I've always combed bailey while he has been dry I find it alot easier, I tried him last week while wet and it was a nightmare, he does fluff up alot but it soon settles into a wave/curl.

His coat is quite thick too, quite crinkly on his head and has a curly chest and paws 

Thought I may of been lucky as he sheds but it could still be that he has a while to go before his full adult coat comes through...


----------



## emmelg (Mar 4, 2012)

lady amanda said:


> Colin Lady is like Betty too! I can do her ears no problem! but legs and feet! oh my the fight we have.


Is this a poo thing...

Bailey will tolerate me brushing him, he's really good while trimming his face and combing it but the feet...that's another story...especially when trying to trim his nails he's a nightmare he'l whine at me and try and leg it...i could probably get a full groom done in the amount of time it takes to cut his nails...


----------



## anndante (Oct 26, 2011)

Polly's matts didn't really appear until about 11 months and then the matts from hell struck! She will let me groom her ears, back, tummy, but legs, feet and tail are a complete nightmare! Suggestions for helping with this very welcome.


----------



## JoJo (Mar 2, 2011)

I noticed matts in my girls coat around the time of their first season, not sure it this is related but would be interesting to know ... 
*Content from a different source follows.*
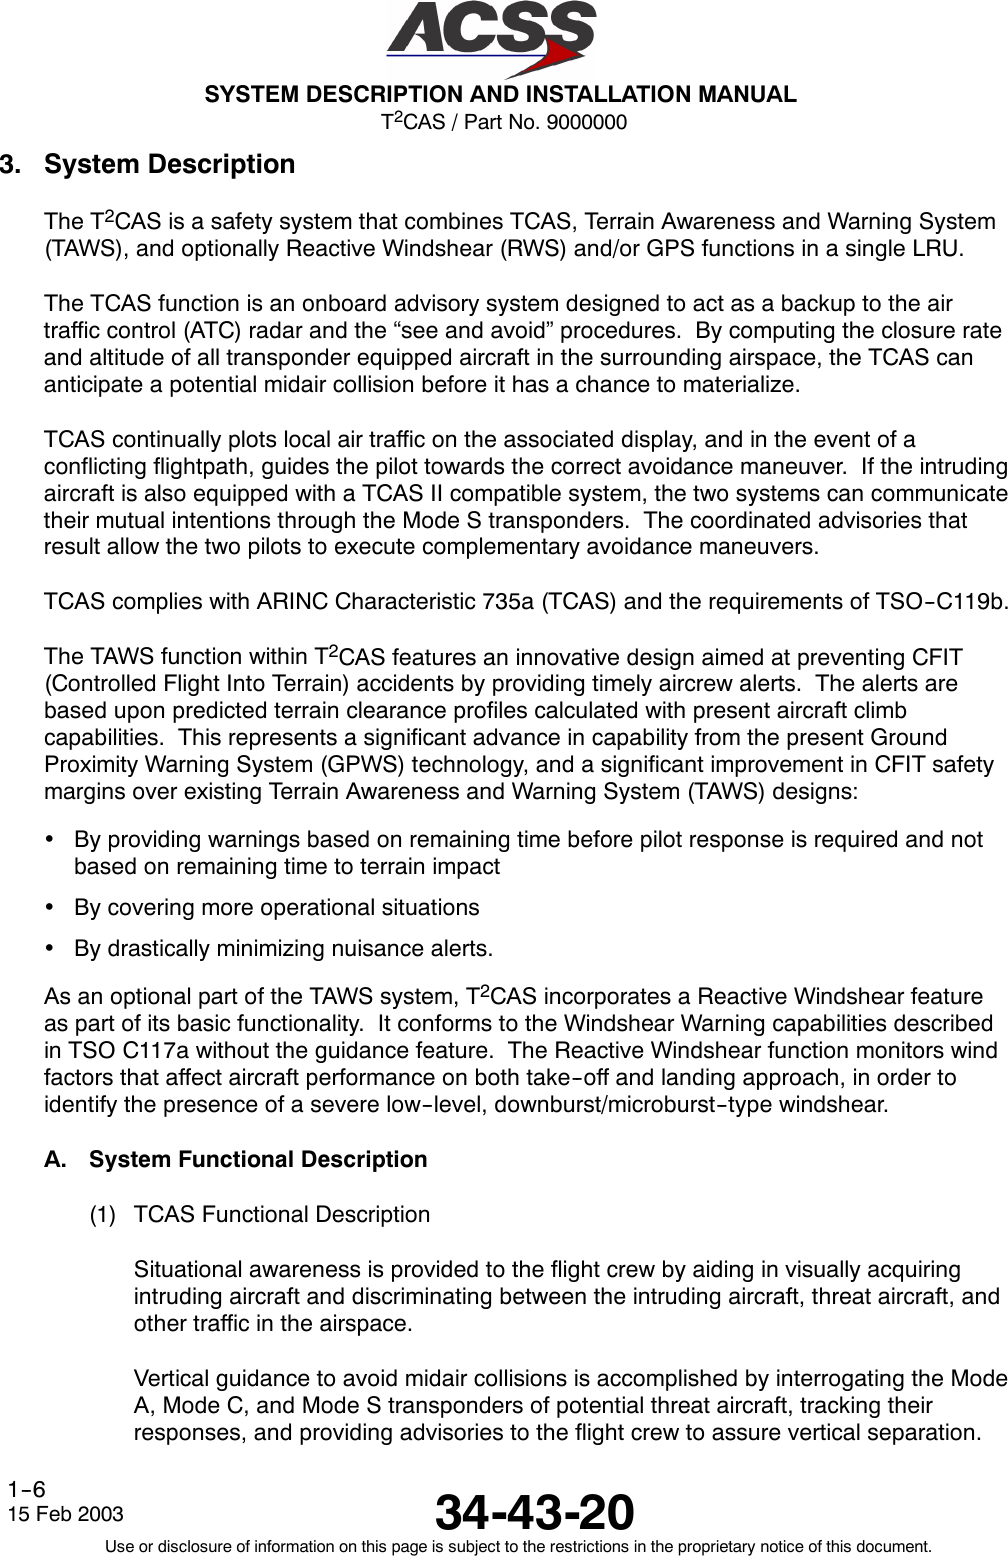 T2CAS / Part No. 9000000SYSTEM DESCRIPTION AND INSTALLATION MANUAL34-43-2015 Feb 2003Use or disclosure of information on this page is subject to the restrictions in the proprietary notice of this document.1--63. System DescriptionThe T2CAS is a safety system that combines TCAS, Terrain Awareness and Warning System(TAWS), and optionally Reactive Windshear (RWS) and/or GPS functions in a single LRU.The TCAS function is an onboard advisory system designed to act as a backup to the airtraffic control (ATC) radar and the “see and avoid” procedures. By computing the closure rateand altitude of all transponder equipped aircraft in the surrounding airspace, the TCAS cananticipate a potential midair collision before it has a chance to materialize.TCAS continually plots local air traffic on the associated display, and in the event of aconflicting flightpath, guides the pilot towards the correct avoidance maneuver. If the intrudingaircraft is also equipped with a TCAS II compatible system, the two systems can communicatetheir mutual intentions through the Mode S transponders. The coordinated advisories thatresult allow the two pilots to execute complementary avoidance maneuvers.TCAS complies with ARINC Characteristic 735a (TCAS) and the requirements of TSO--C119b.The TAWS function within T2CAS features an innovative design aimed at preventing CFIT(Controlled Flight Into Terrain) accidents by providing timely aircrew alerts. The alerts arebased upon predicted terrain clearance profiles calculated with present aircraft climbcapabilities. This represents a significant advance in capability from the present GroundProximity Warning System (GPWS) technology, and a significant improvement in CFIT safetymargins over existing Terrain Awareness and Warning System (TAWS) designs:•By providing warnings based on remaining time before pilot response is required and notbased on remaining time to terrain impact•By covering more operational situations•By drastically minimizing nuisance alerts.As an optional part of the TAWS system, T2CAS incorporates a Reactive Windshear featureas part of its basic functionality. It conforms to the Windshear Warning capabilities describedin TSO C117a without the guidance feature. The Reactive Windshear function monitors windfactors that affect aircraft performance on both take--off and landing approach, in order toidentify the presence of a severe low--level, downburst/microburst--type windshear.A. System Functional Description(1) TCAS Functional DescriptionSituational awareness is provided to the flight crew by aiding in visually acquiringintruding aircraft and discriminating between the intruding aircraft, threat aircraft, andother traffic in the airspace.Vertical guidance to avoid midair collisions is accomplished by interrogating the ModeA, Mode C, and Mode S transponders of potential threat aircraft, tracking theirresponses, and providing advisories to the flight crew to assure vertical separation.

It depends on your cockapoo but usually around 7-10 month of age ... and when they start the serious matt patrol starts in thsi house  I hate matts ... but get them quick to avoid big ones ..
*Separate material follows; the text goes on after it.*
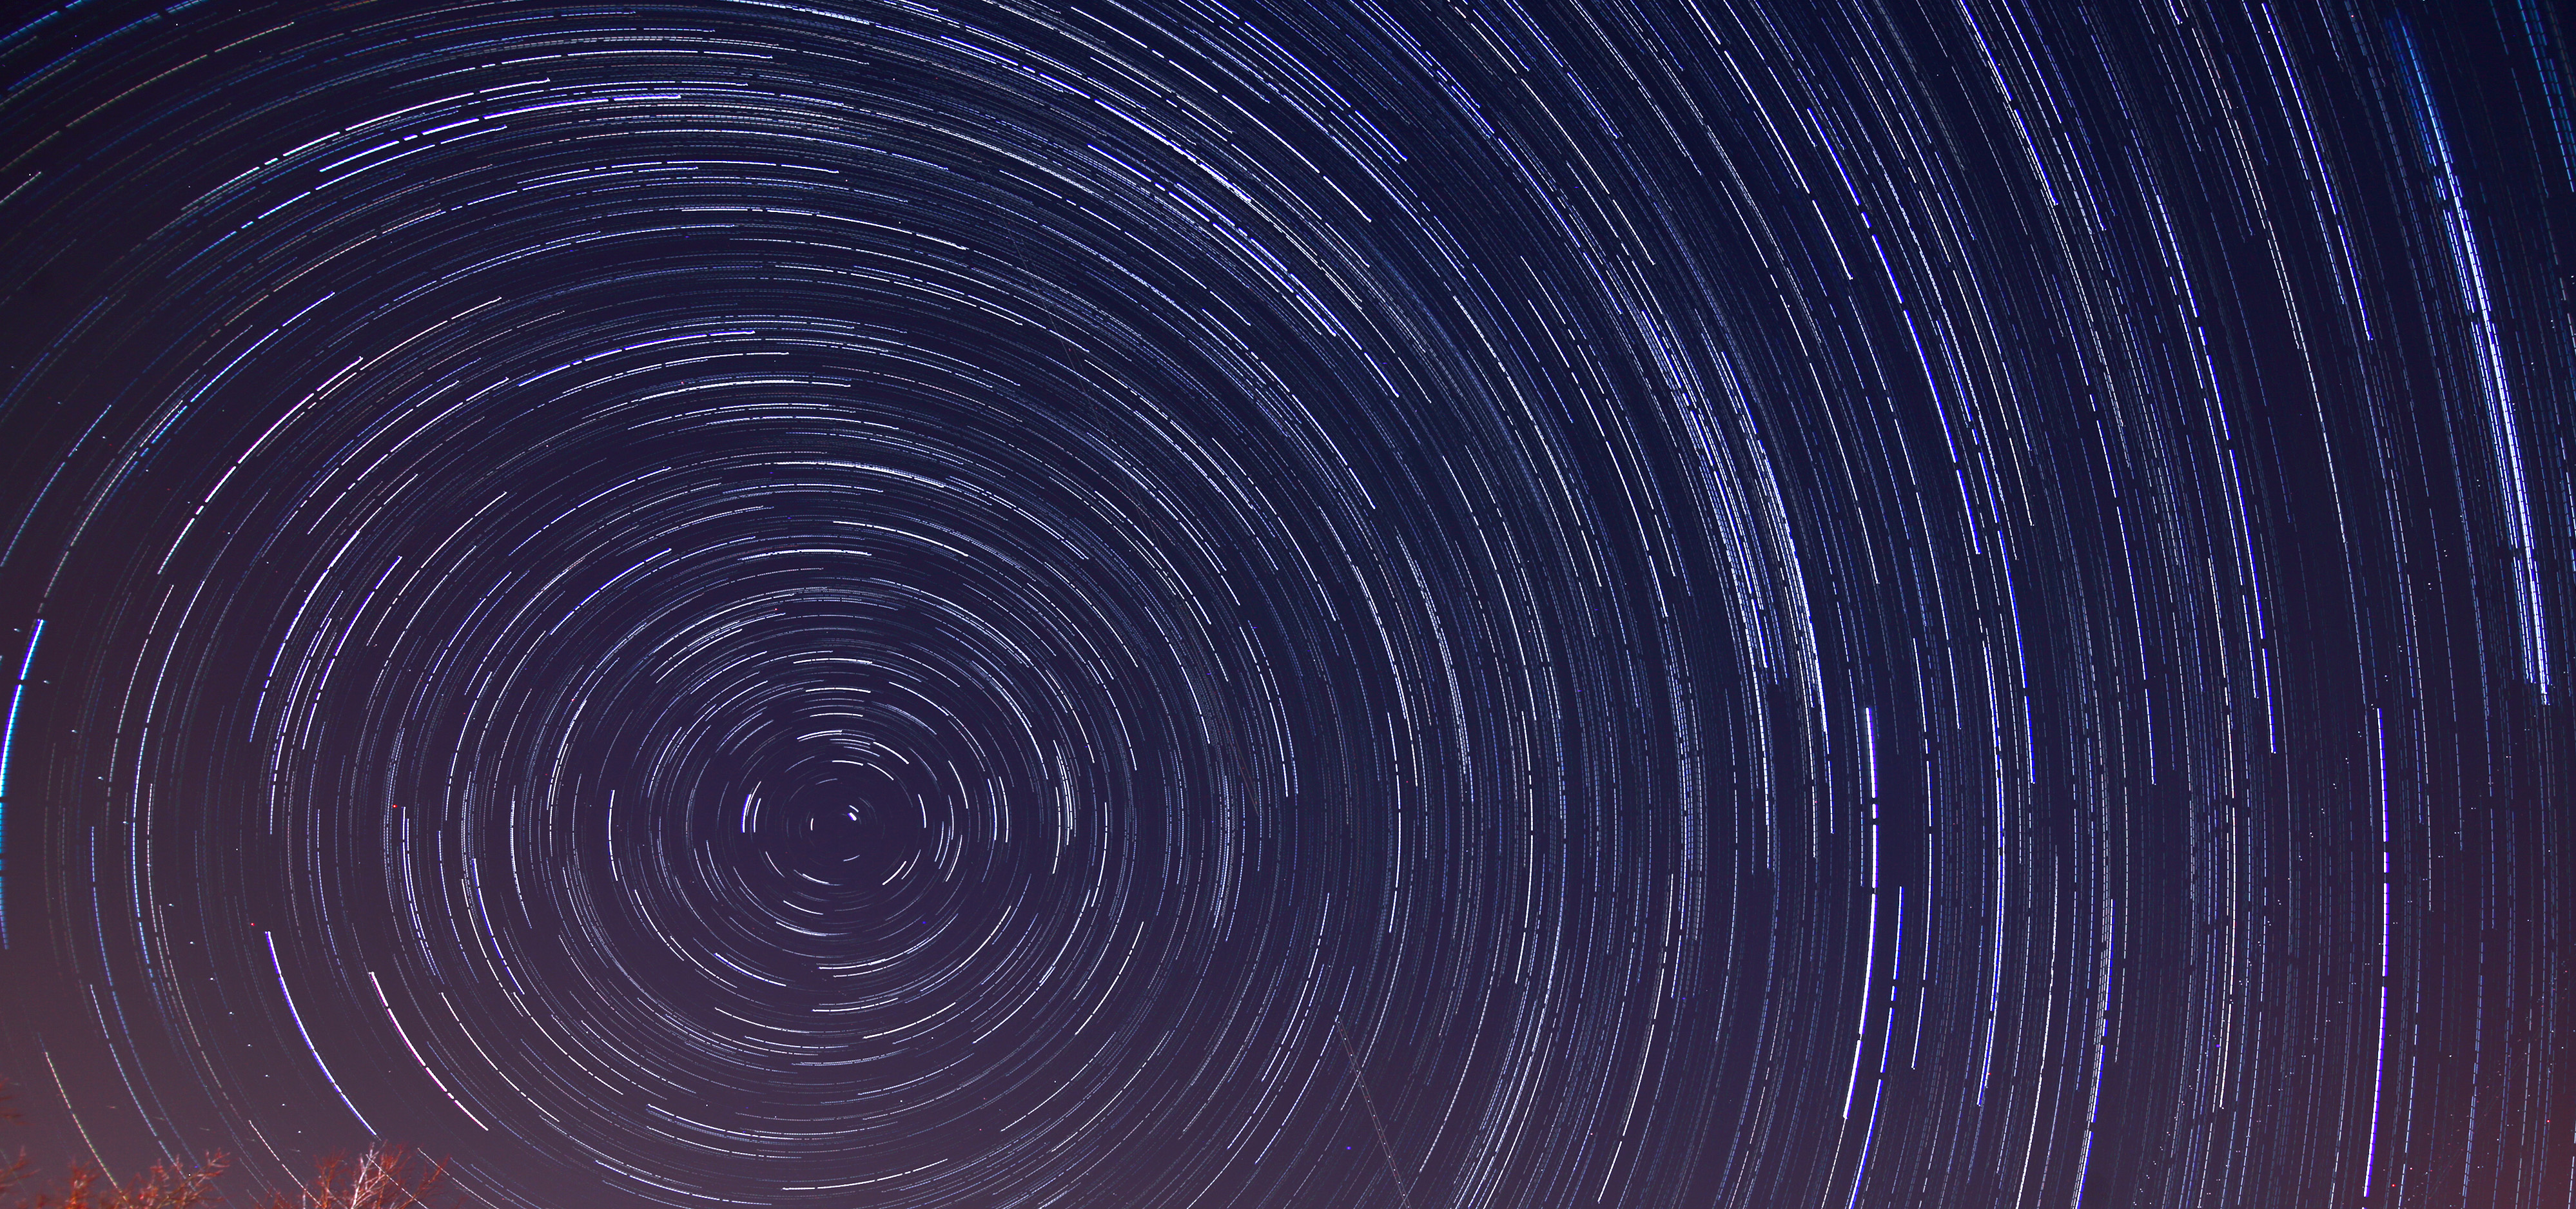 Star Trails Spinning in the sky image - Free stock photo - Public ...

I use a basic plastic comb, flexible slicker (les poochs) and a basic slicker and have a pair of scissor to hand .. as cutting down the matts when close to the skin really helps if I find a tricky one ... 
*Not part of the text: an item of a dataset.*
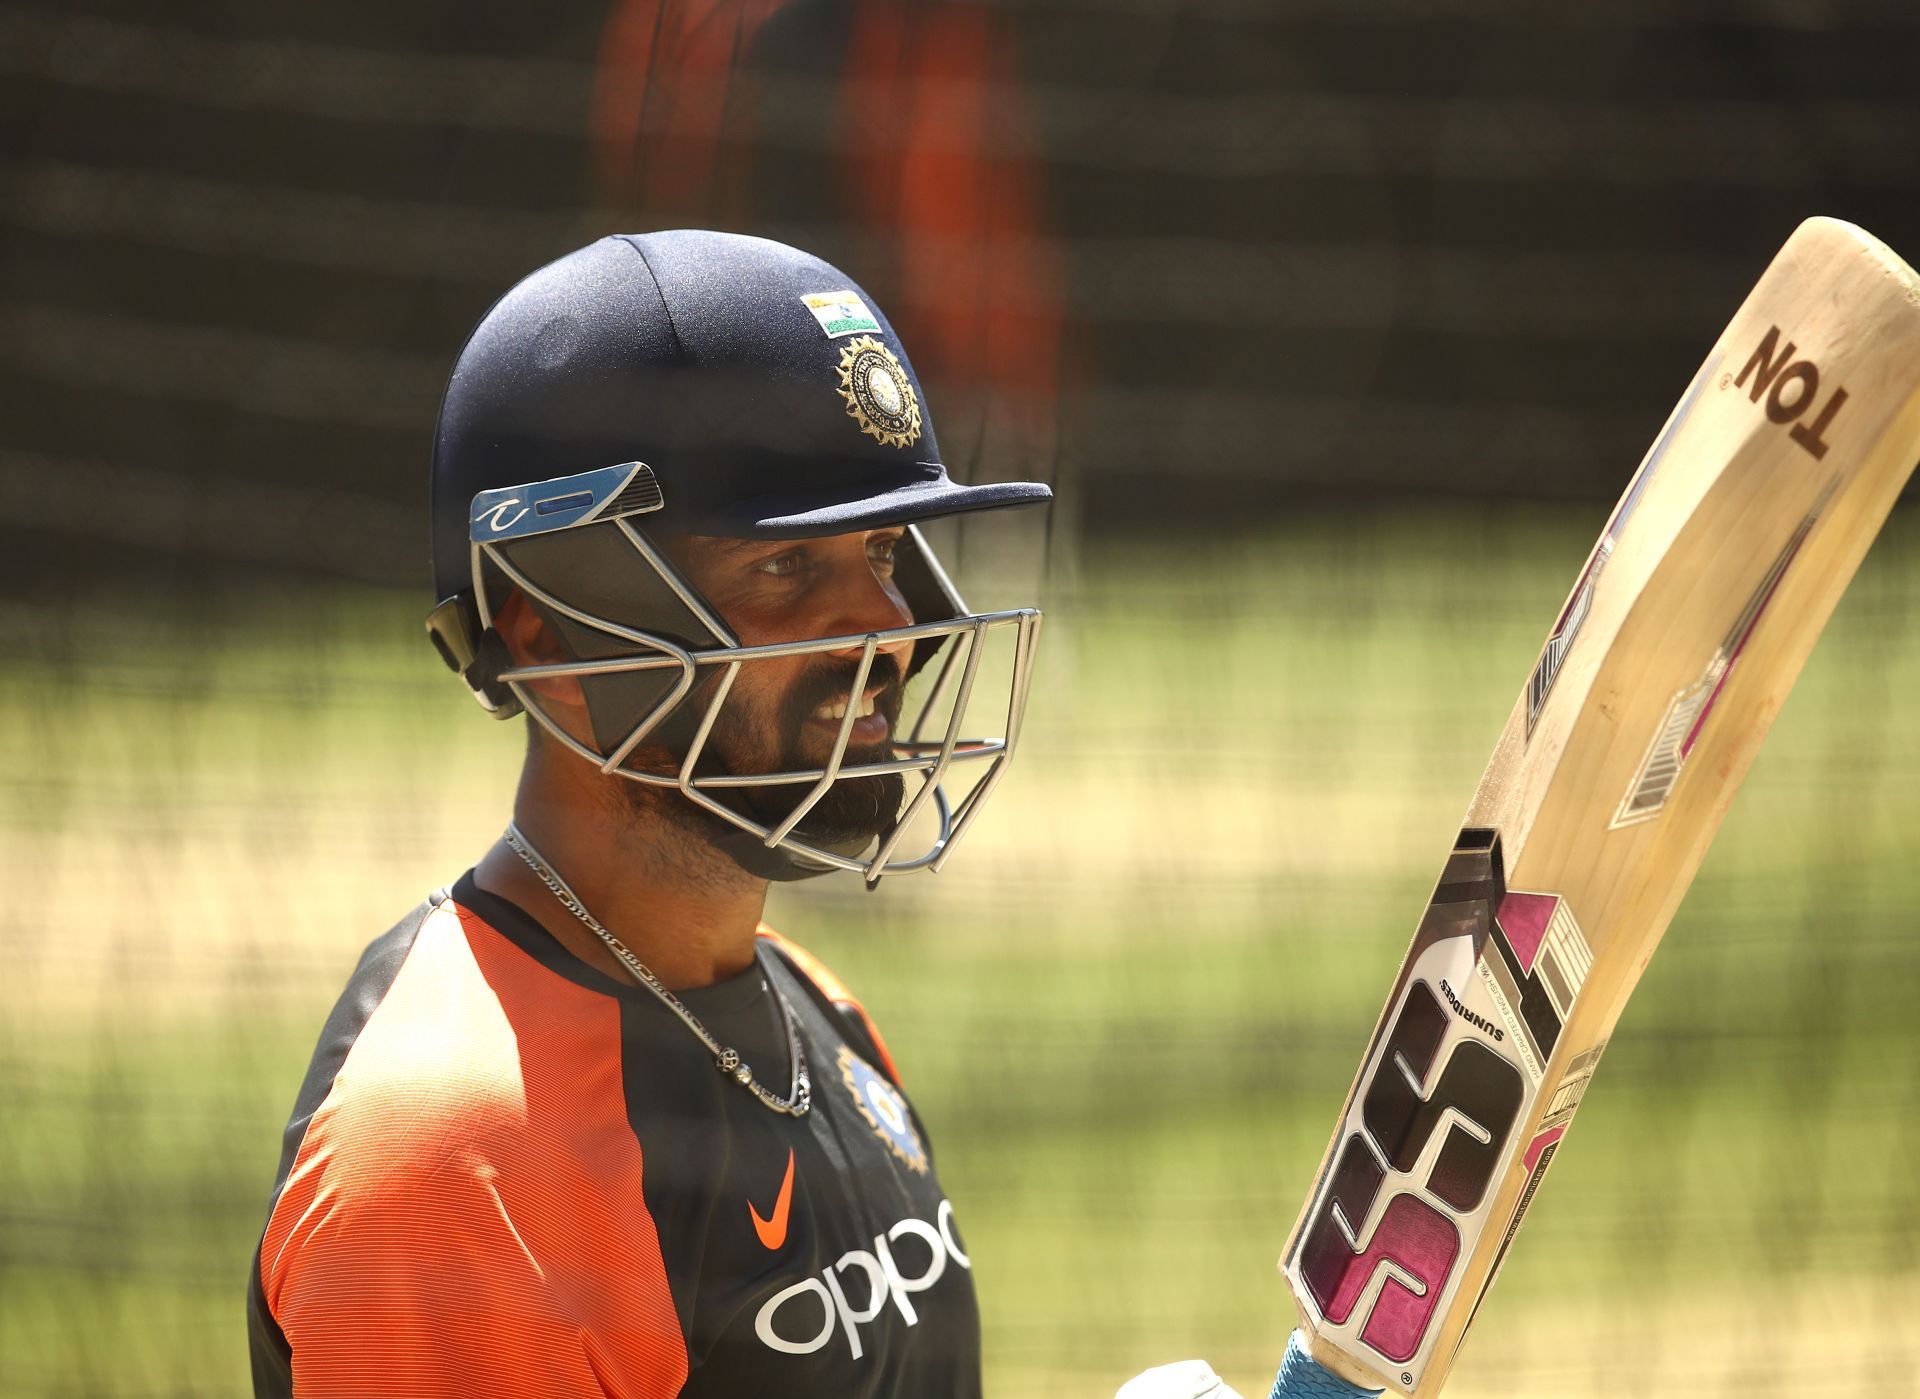 Murali Vijay held the record for the highest score by an Indian in the IPL for long (File Image).

Found these, cheaper than les poochs I think, but the same flexible design ... will be trying these too ... but it may be more about staying on top of the matts rather than the tools you use ... unless your dog is badly matted I guess. 

http://www.amazon.co.uk/Master-Groo...O0HM/ref=sr_1_4?ie=UTF8&qid=1342540185&sr=8-4


----------



## emmelg (Mar 4, 2012)

JoJo said:


> I noticed matts in my girls coat around the time of their first season, not sure it this is related but would be interesting to know ...
> 
> It depends on your cockapoo but usually around 7-10 month of age ... and when they start the serious matt patrol starts in thsi house  I hate matts ... but get them quick to avoid big ones ..
> 
> ...


That looks like a really good flexible brush jojo and really similar to the les pooch brushes at half the price, will be good to hear how you get on with it, I haven't bought a slicker yet as I've been using the pet head double sided pin comb for now... I bought a cheap matt master from mikki when he was younger, (still in packet ) may get a karlie comb as others have suggested as it seems to be better at getting through the thicker coat. Xx


----------



## emmelg (Mar 4, 2012)

Just out of interest has anyone had a curly cockapoo that doesn't matt..


Or am I being a bit optimistic here...


----------